Make your app safer with HTTP Security Policy

The World Wide Web is changing, users don’t realise but web protocols are improving a lot. We are moving the web from TCP to UDP for faster communications, we can use Multipath TCP and HTTP/2 for better performance and security, and we also have increasingly better Web Services and WebSockets thanks to HTML5. Therefore, I’m going to write about some security mechanisms to protect websites because, although I’m not a developer, I think it’s important to known how next generation protocols work to protect our services and the company we are working for.

The first and most used security mechanism by main webservers is HSTS or HTTP Strict Transport Security. This is an HTTP header sent from web servers to clients, for instance browsers, to ask them to use HTTPS instead of HTTP for a period of time specified by the “max-age” attribute. Consequently, HTTP can be used for the first access from clients to websites but HTTPS is used thereafter and the change from HTTP to HTTPS will be done natively by clients instead of redirections by web servers. However, the first HTTP connection can be used by attackers that along with a MITM attack and SSL Strip attack the confidentiality can be compromised. As a result, browsers have a preload list with websites which should be accessed by HTTPS even in the first connection. However, the preload list mechanism is not scalable because all websites can’t fit into only one list thus DNSSEC could be the solution.

HTTP Strict Transport Security
Another security mechanism delivered via an HTTP header is HPKP or HTTP Public Key Pinning. This security feature is used by few sites and even we could say it’s nearly dead because Chrome has already announced their plans to deprecate and remove support for HPKP. This is a security protocol to prevent fraudulently issued TLS certificates from being used to impersonate existing secure websites.

HTTP Public Key Pinning
CSP or Content Security Policy is another security mechanism to prevent XSS and data injection attacks. This security standard is implemented in web servers and the security policy is delivered via an HTTP header, like HPKP and HSTS, to browsers. The aim of the security policy is to tell browsers what are the trustworthy source content to prevent code execution by malicious scripts into victim’s browser.

Content Security Policy

There are many tools to help us to know which websites are properly secured.

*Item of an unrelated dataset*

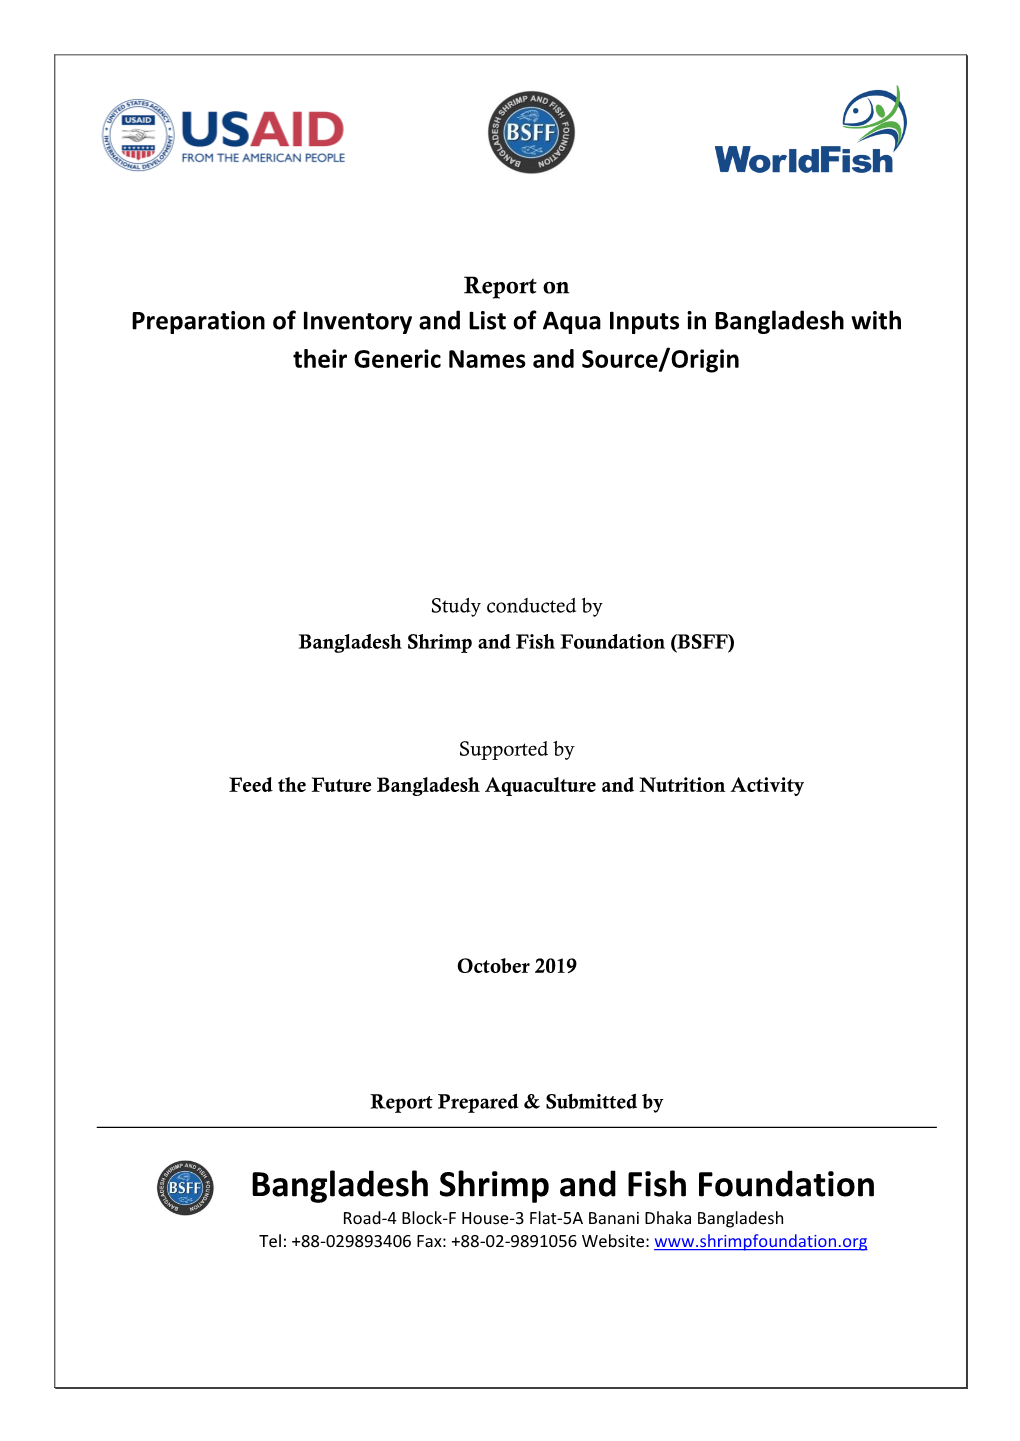 Bangladesh Shrimp and Fish Foundation (BSFF)
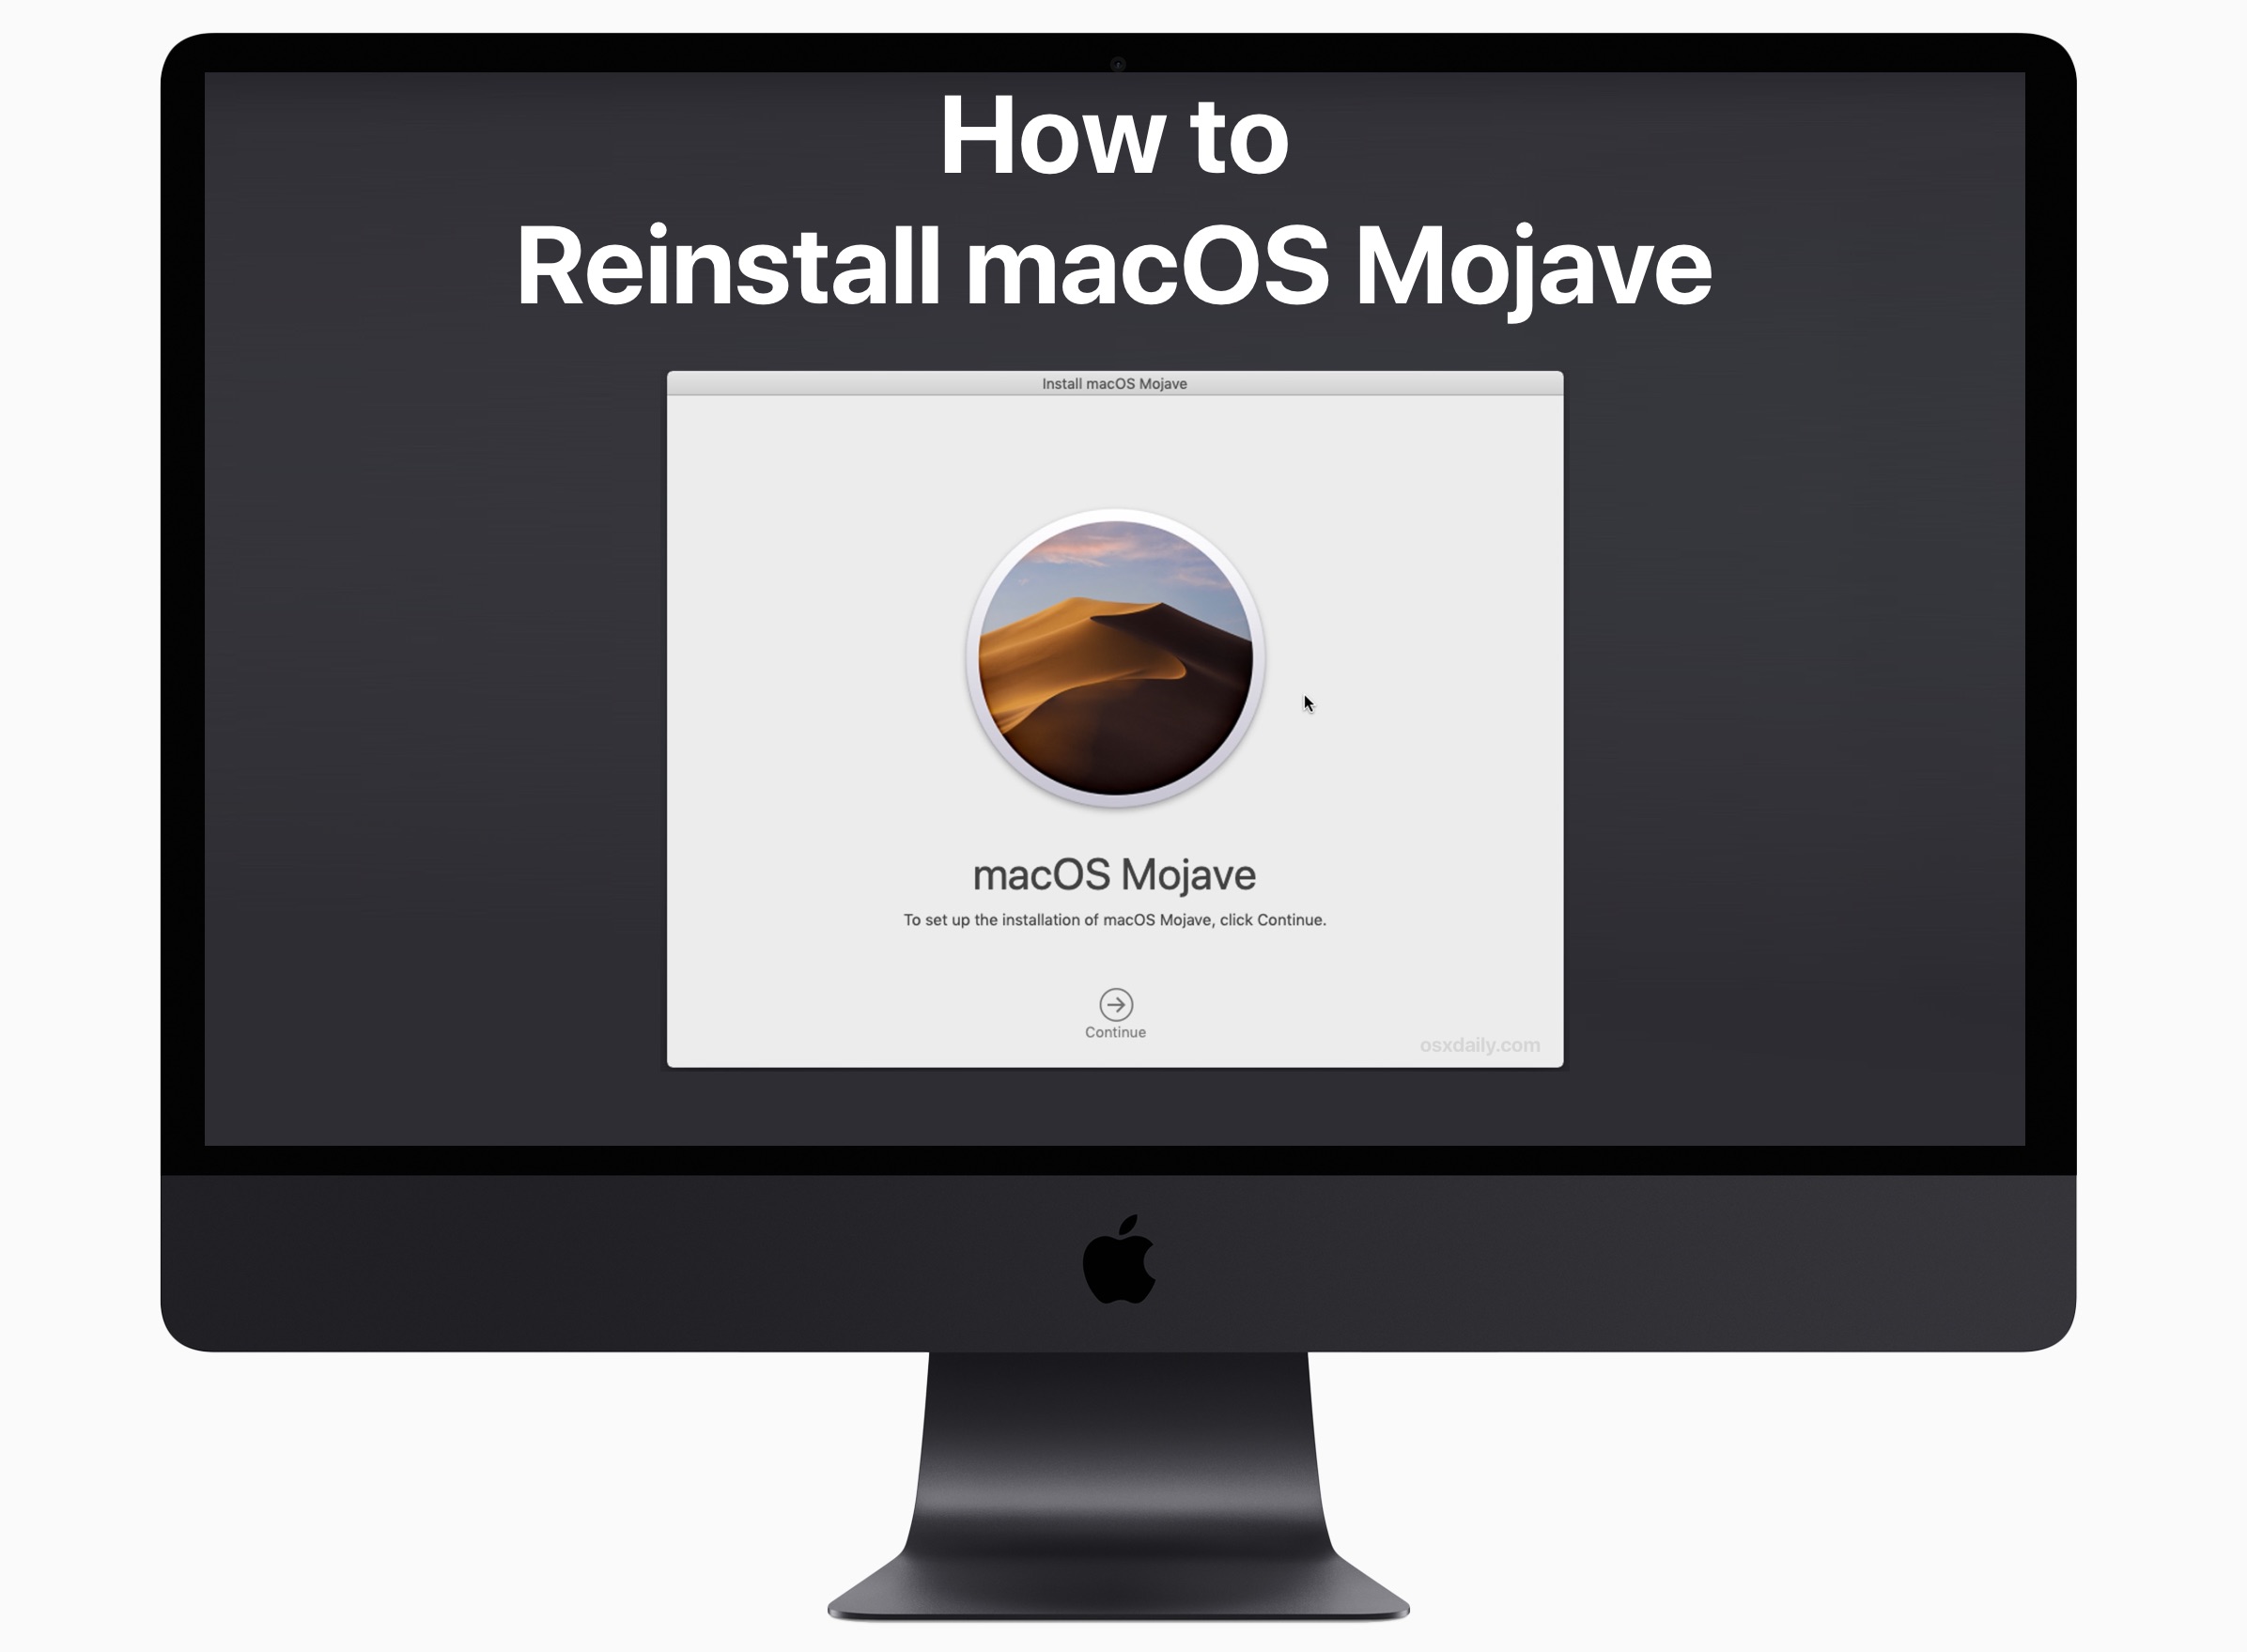 instal the new for mac OkMap Desktop 17.10.6

For instance, HSTS Preload List Submission is a website where we can enter a domain to check if that domain is preload into main browsers, and even we can submit our own domain to be inside into the preload list. Another interesting tool is where we can analyse HTTP response headers to know if the web server is protected with security headers like “Strict-Transport-Security”, “Content-Security-Policy”, “X-Content-Type-Options”, etc. On the other hand, if we want to know which websites we have visited with HSTS or HPKP, we can install the Pin Patrol plugin into our browser.

Analyse HTTP response headers
These are some of the security mechanism we have to take into account when we are protecting web servers and users. For example, it’s too important to know how HSTS works when we are configuring SSL inspection in a firewall to make exceptions and allow websites which are configured with this security feature.

Regards my friends and keep protecting your web servers!!!